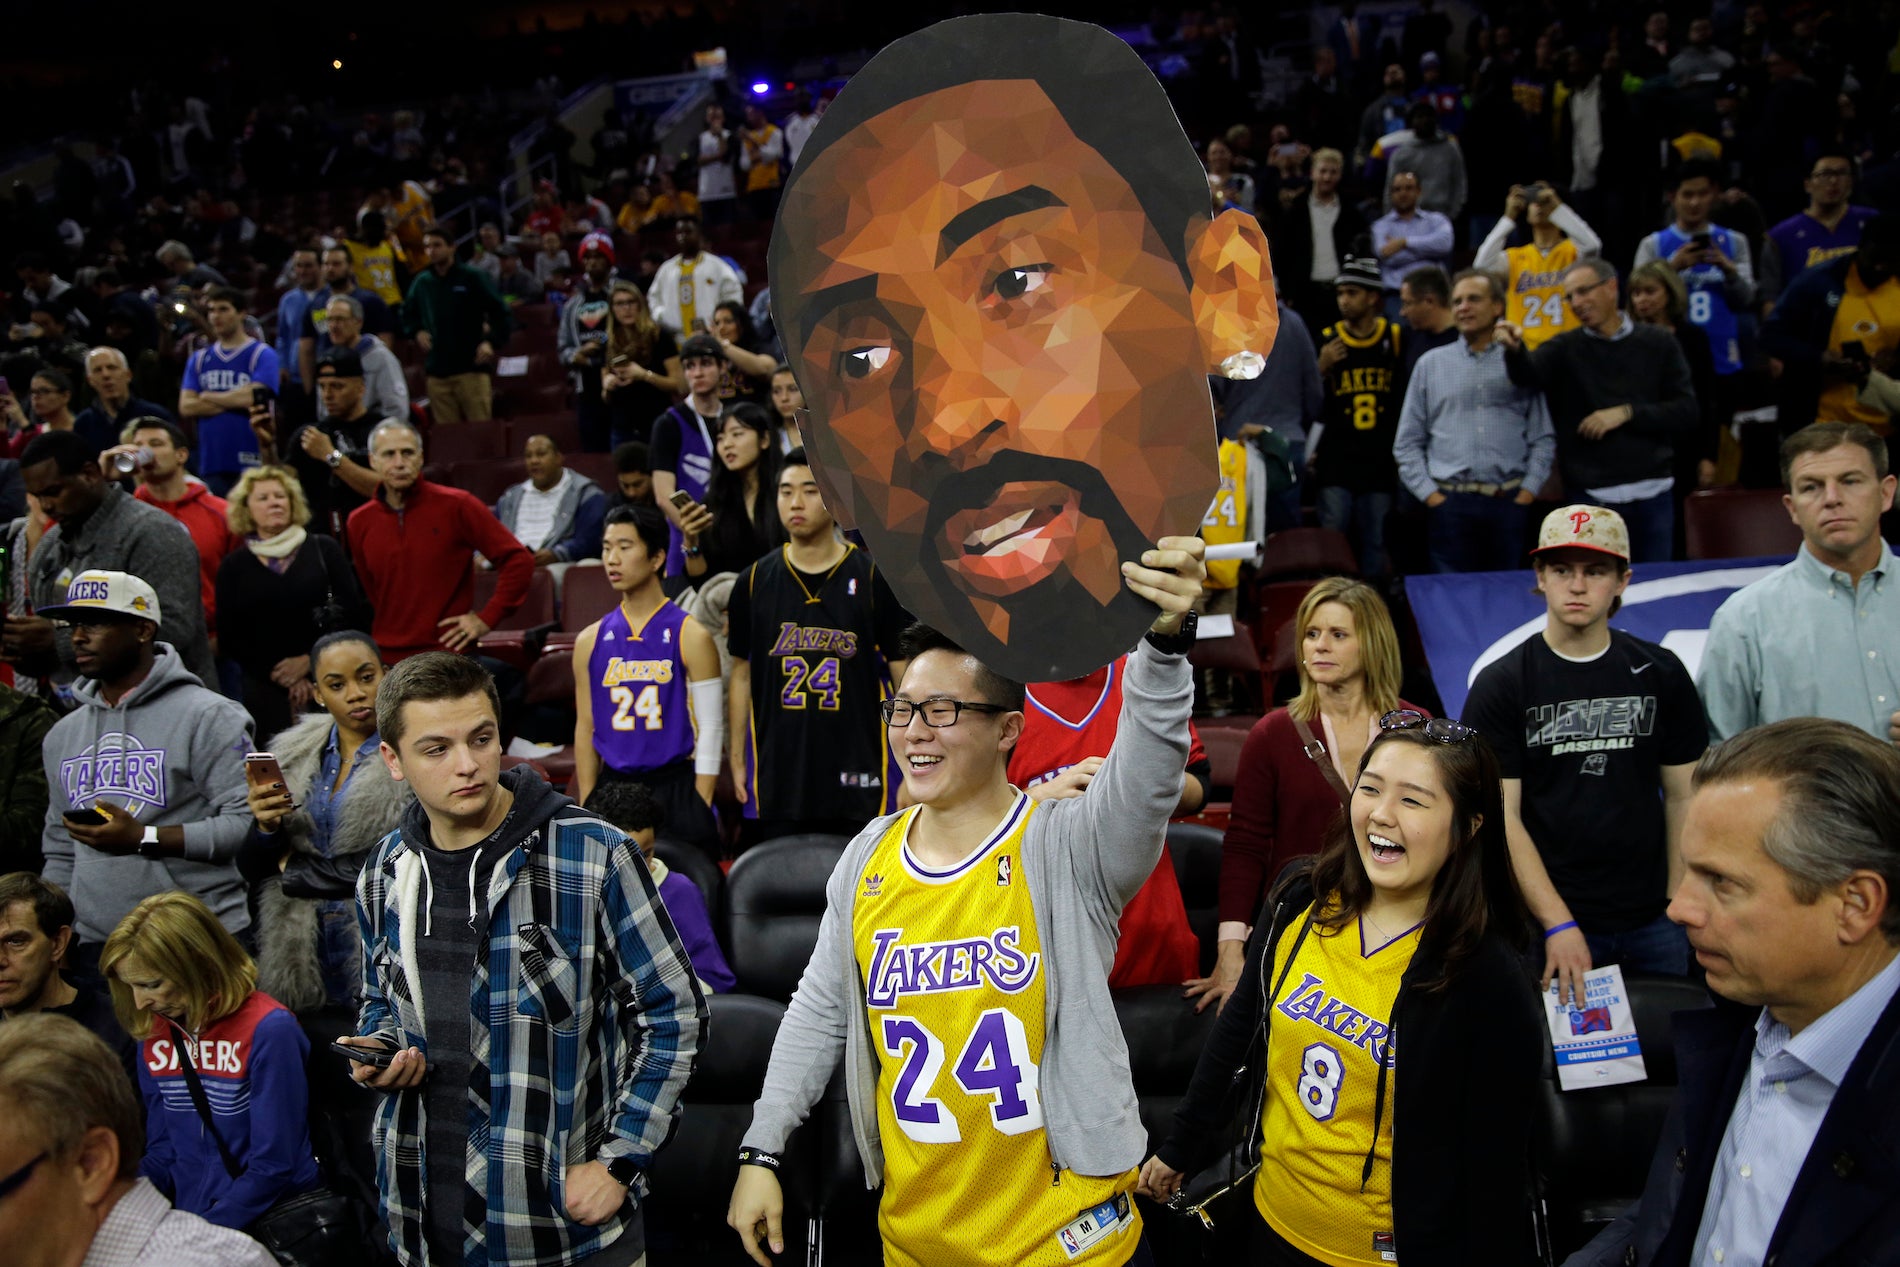 Opinion: Kobe Bryant defied stereotypes and pursued greatness
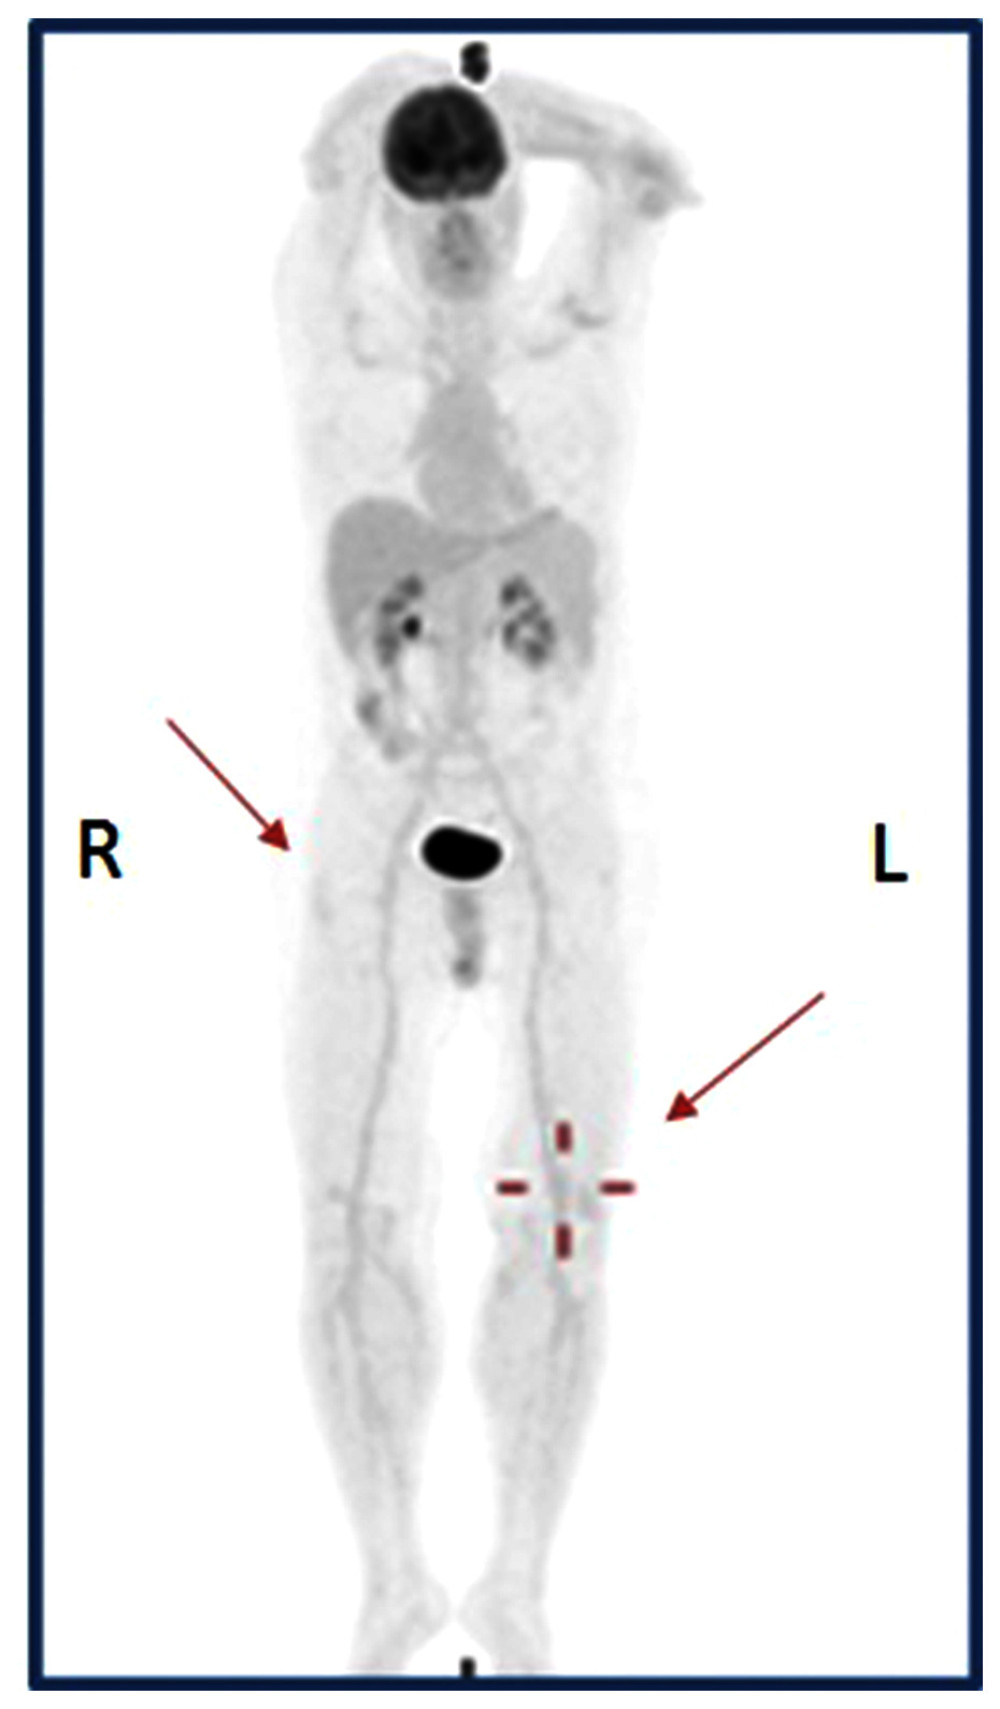 18FDG-PET/CT after immunotherapy: the complete functional response. The scan of 18FDG-PET/CT performed after 3 months of immunotherapy start shows a functional complete response of all previous metastatic lesions; in particular, the previous thighbones metastases are now undetectable (red arrows). R – right, L – left.
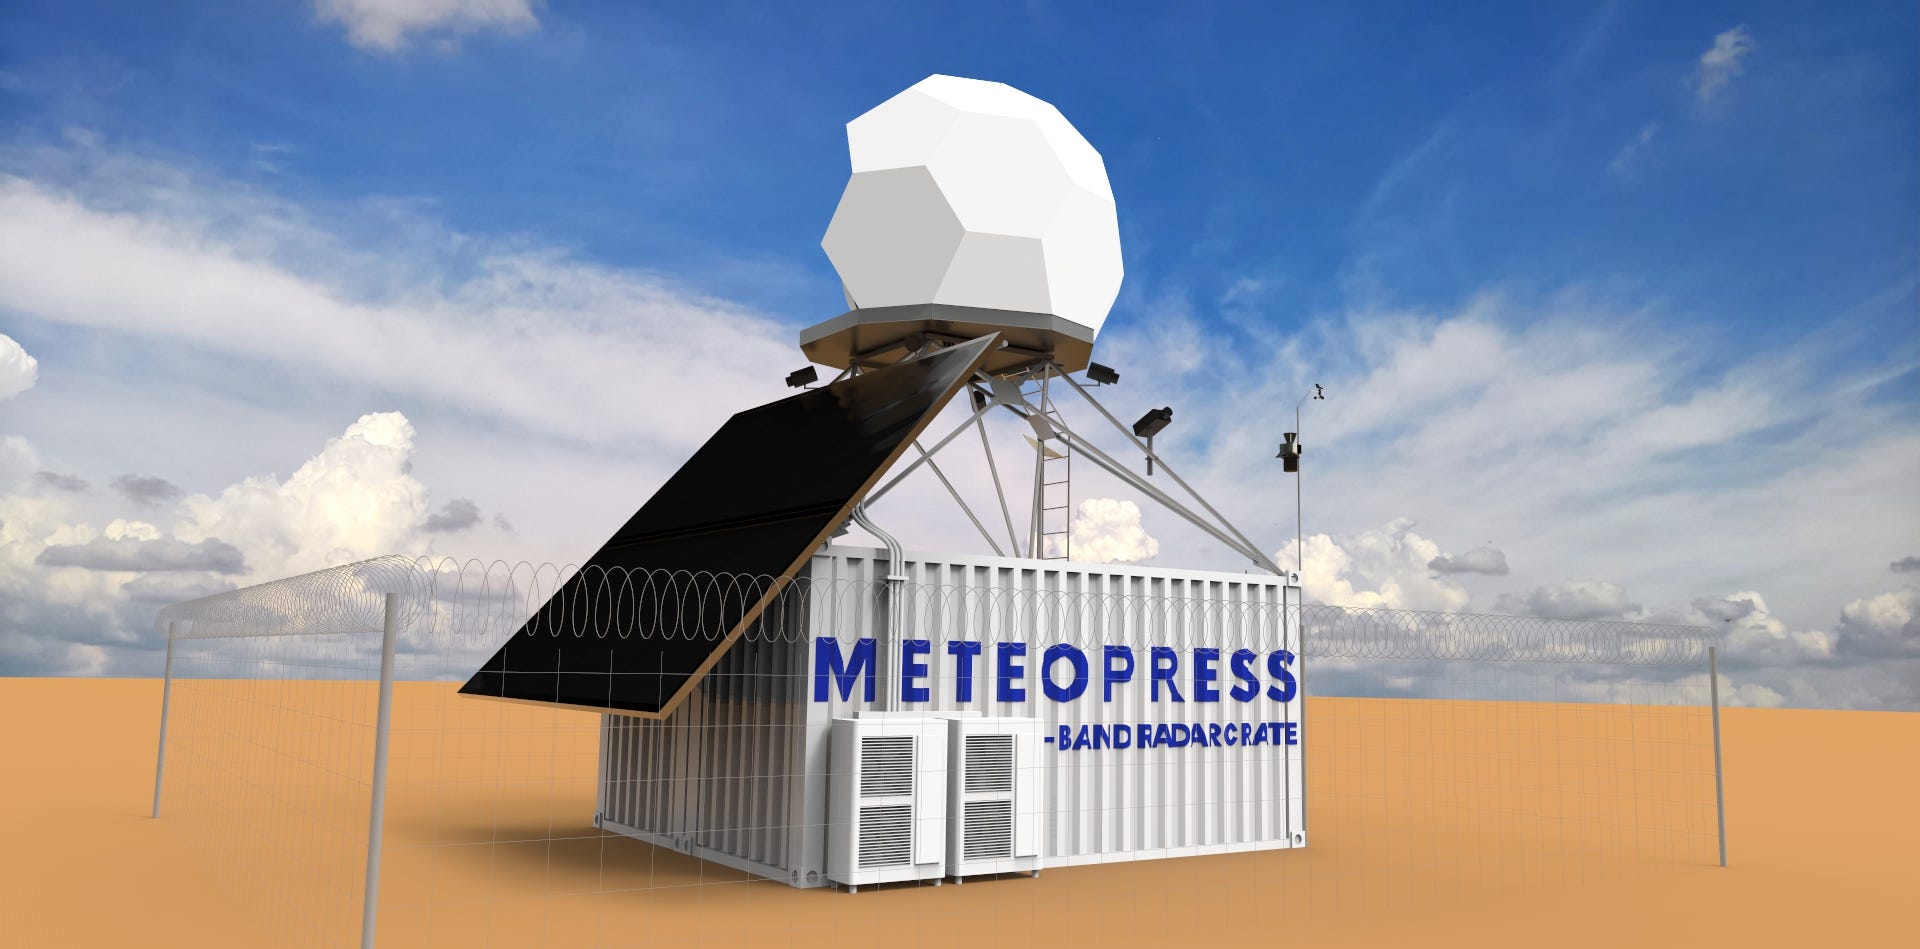 2021 in Meteopress - Covid brought the C-band radar!

**Instructions for the task:** Could you give the material above again, exactly and without its pictures?

**Your solution:**
 Opinion: Kobe Bryant defied stereotypes and pursued greatness
 18FDG-PET/CT after immunotherapy: the complete functional response. The scan of 18FDG-PET/CT performed after 3 months of immunotherapy start shows a functional complete response of all previous metastatic lesions; in particular, the previous thighbones metastases are now undetectable (red arrows). R – right, L – left.
 2021 in Meteopress - Covid brought the C-band radar!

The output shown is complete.